** The task **
Only some lines are wanted: please transcribe exactly those from the one containing "Fully restored Adrian" through the end of the data, pictures excluded.

** Recorded information **
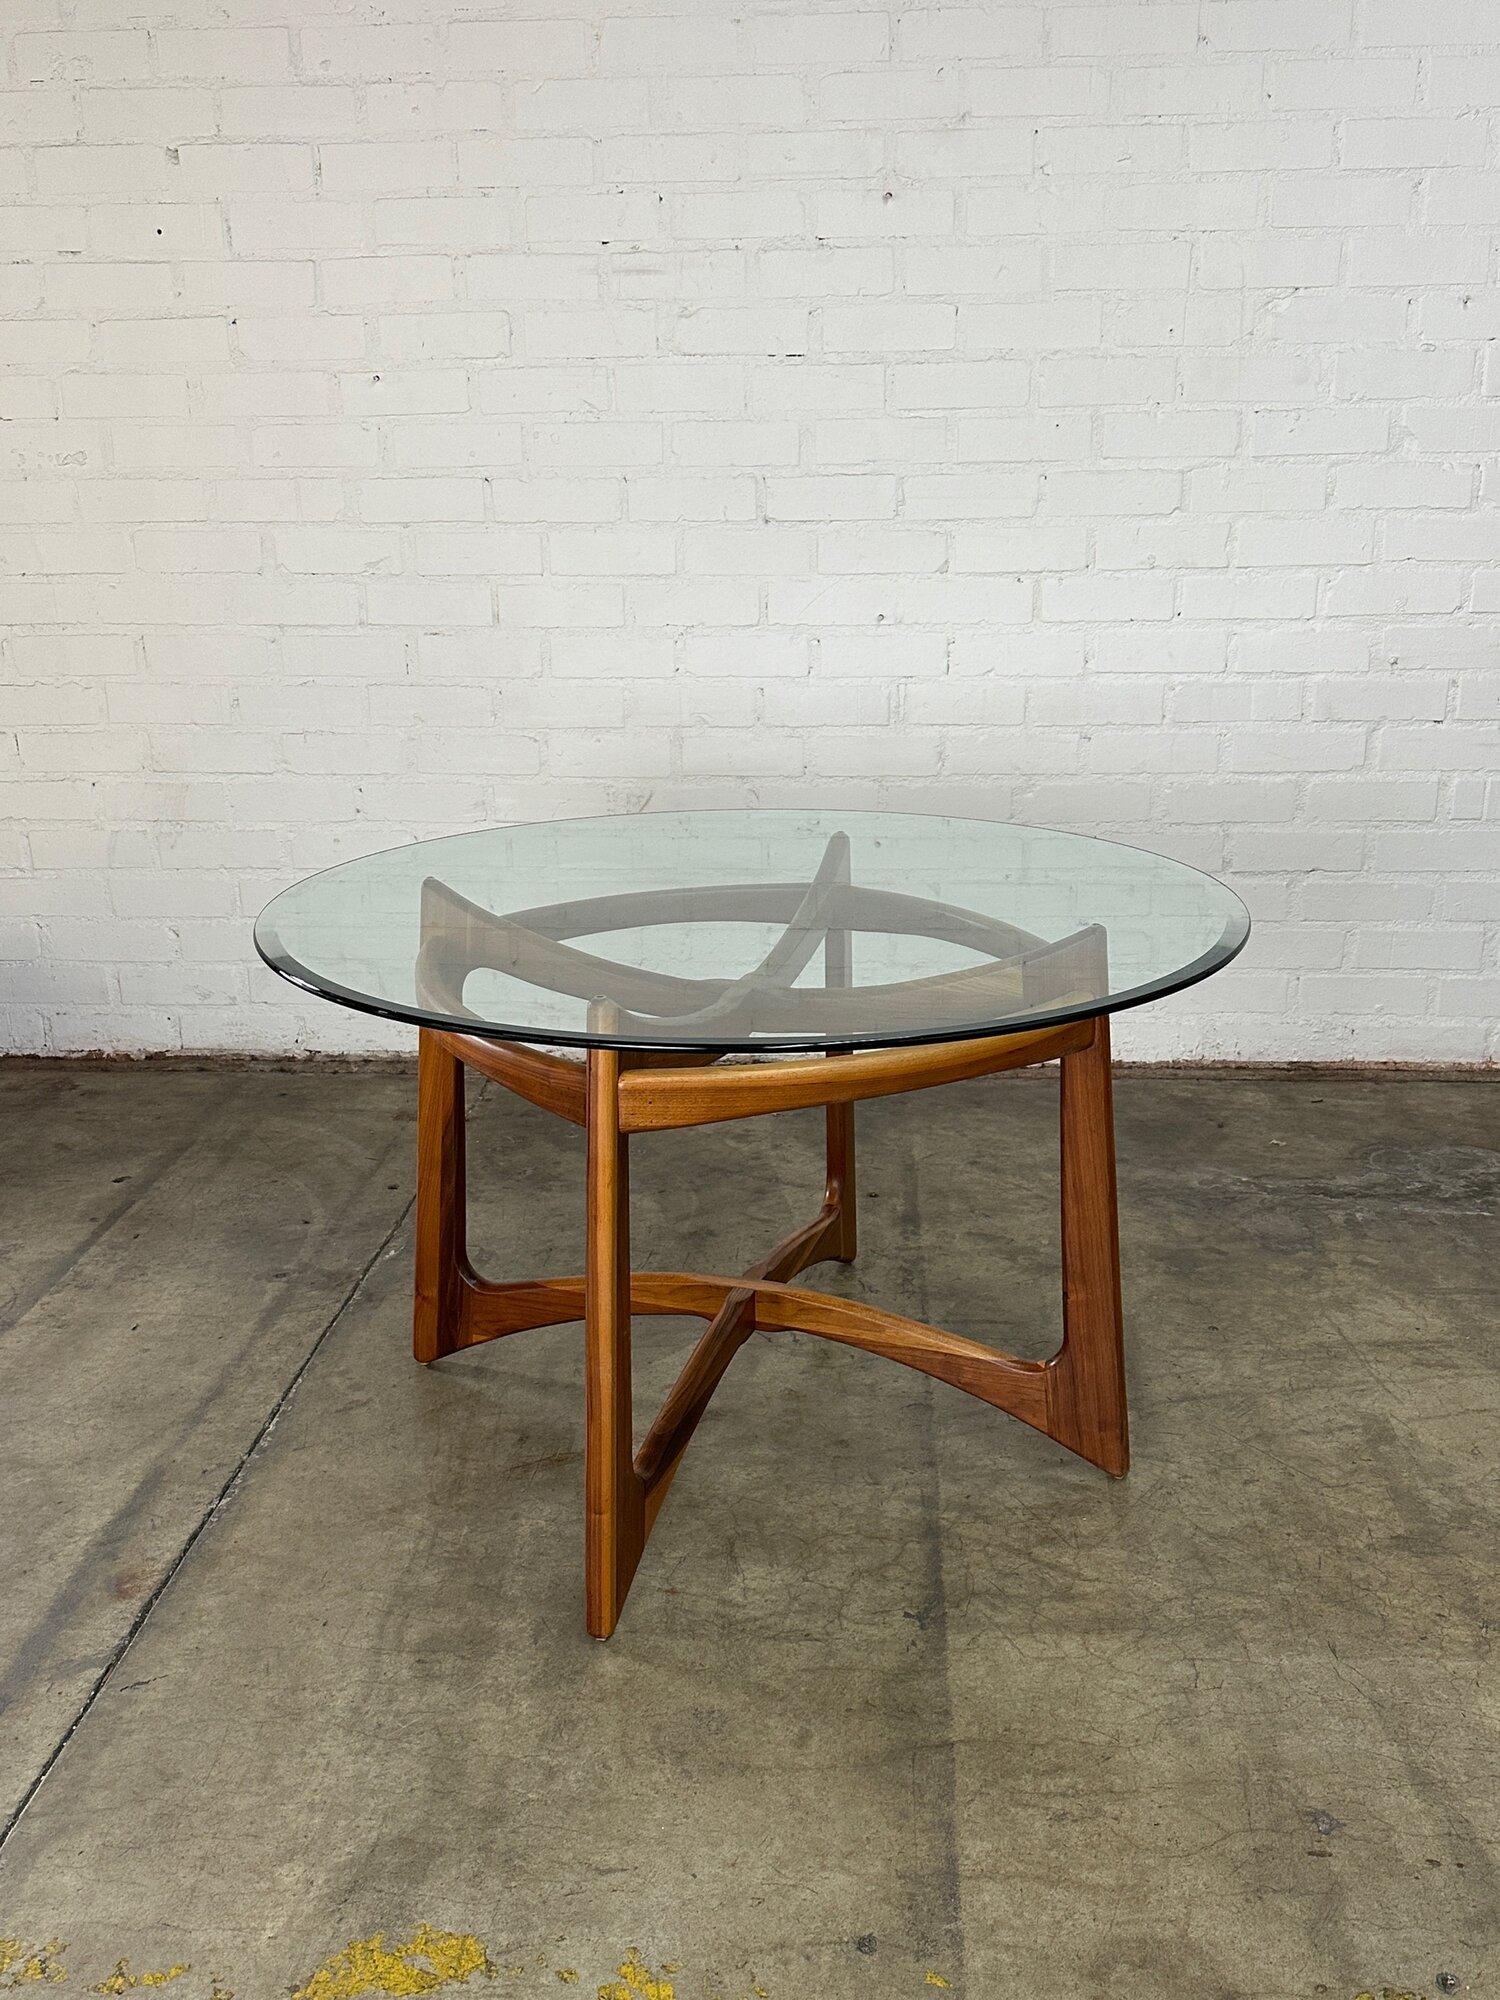 W48 H29.25 KC28 BASE WIDTH 29

Fully restored Adrian Pearsall dining table in solid walnut with a glass surface. Item is structurally sound and sturdy. Surface glass shows well no visible chips or cracks. One visible scratch on surface has been
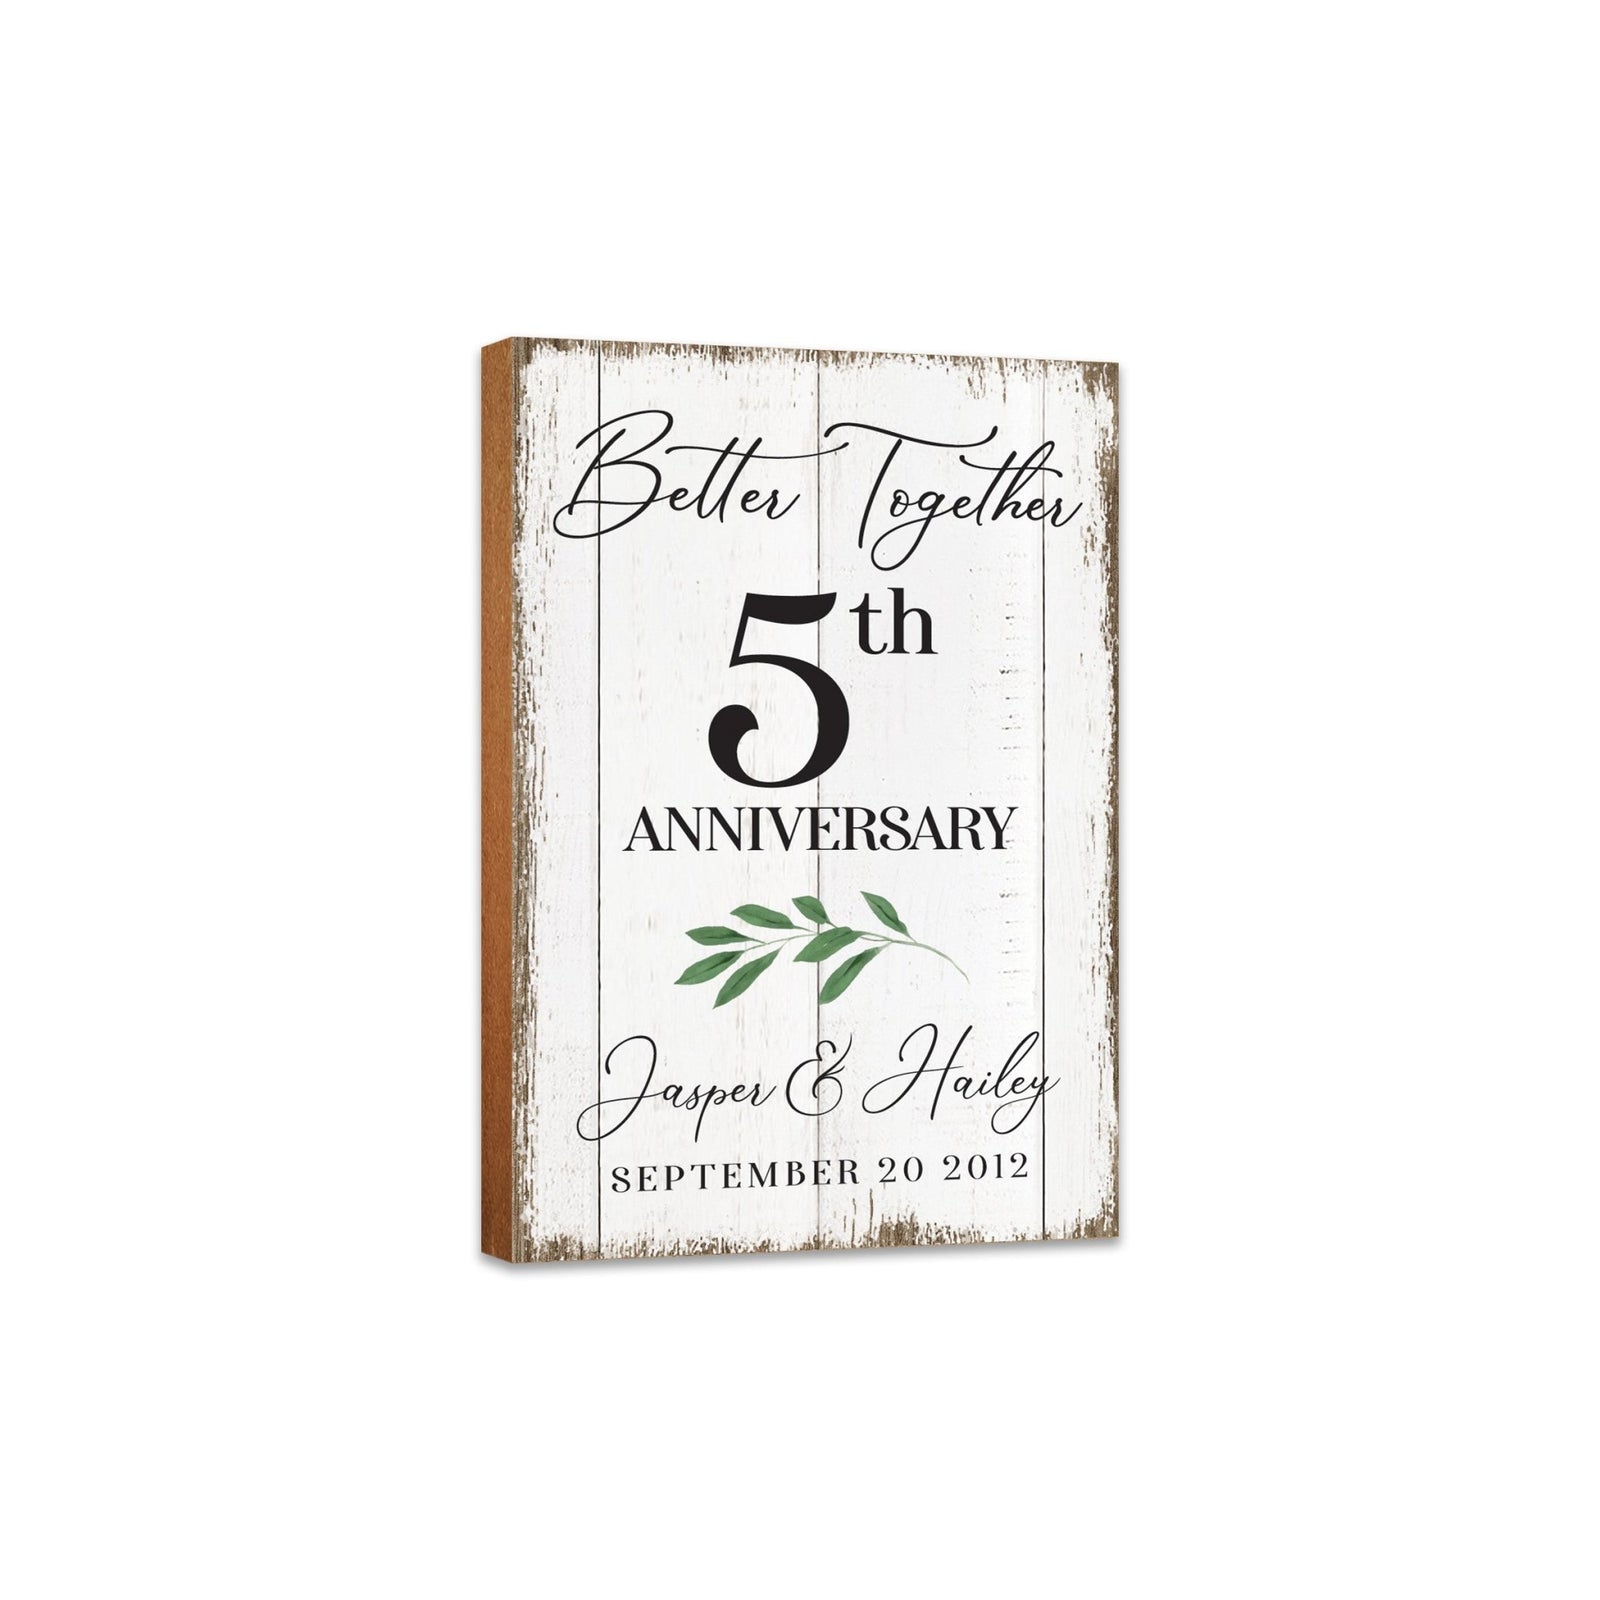 Custom Wooden Shelf Décor and Tabletop Signs for Wedding Anniversary - Better Together - LifeSong Milestones

** Problem solution **
Fully restored Adrian Pearsall dining table in solid walnut with a glass surface. Item is structurally sound and sturdy. Surface glass shows well no visible chips or cracks. One visible scratch on surface has been
 Custom Wooden Shelf Décor and Tabletop Signs for Wedding Anniversary - Better Together - LifeSong Milestones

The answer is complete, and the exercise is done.